Franklin County, MS

American History & Genealogy Project

Homochitto Forest History

 

The Homochitto National Forest was established in 1936 as the first National Forest in Mississippi. The Forest was named for the Homochitto River, an Indian name for "Big Red River". France, England, Spain, and the United States strongly influenced the area of land around what is now the Homochitto National Forest. It operated as a single district until 1952, then was divided into two Ranger Districts, the Bude and the Homochitto.

The Homochitto National Forest is located in southwest Mississippi east of Natchez and west of McComb. It is also 60 miles south of Jackson and about 60 miles north of Baton Rouge, La. The major travel routes accessing the Forest are US Highway 84 and 98, and State Highways 28, 33, 550, 551, and 563.

The Forest, consisting of approximately 189,000 acres, hosts a number of resources. The Homochitto is one of the leading timber-producing National Forests in the south. For nearly 50 years, exploration for oil and gas has taken place on this Forest.
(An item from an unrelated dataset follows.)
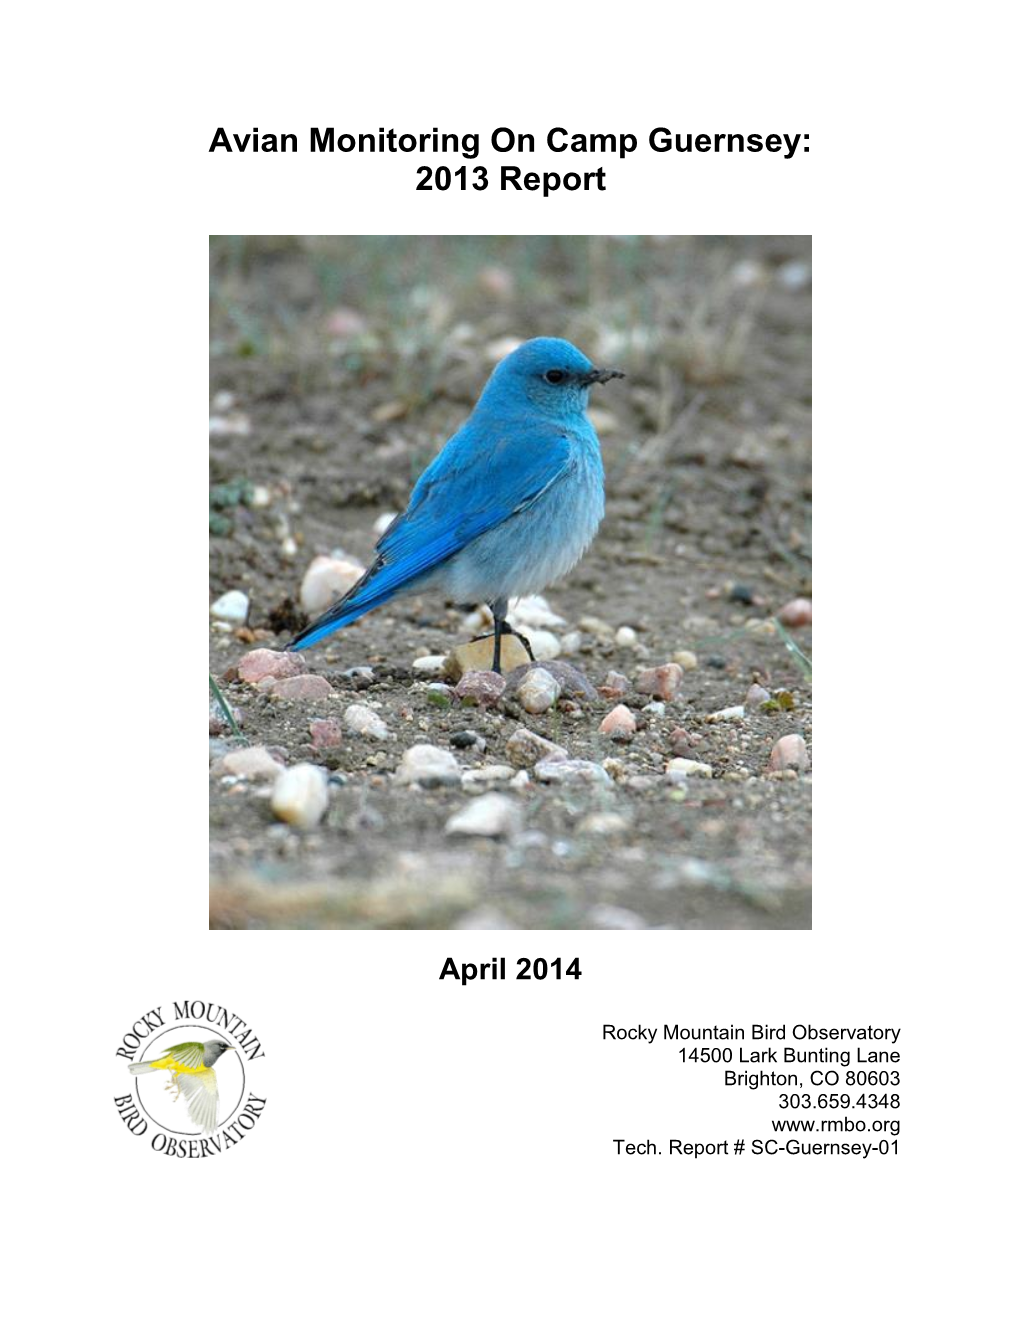 Avian Monitoring on Camp Guernsey: 2013 Report

About 86 percent of the producing wells on National Forest land in Mississippi come from the Homochitto.

 

The Community Center Pavilion at Clear Springs Lake near Roxie is on the list of National Historic Places.

It was built by the Civilian Conservation Corps and is built entirely of hand-hewn logs and hand-split wooden shingles.  It is a simply stunning building and is in use almost every weekend for community activities such as wedding receptions, birthday parties, family reunions and group picnics.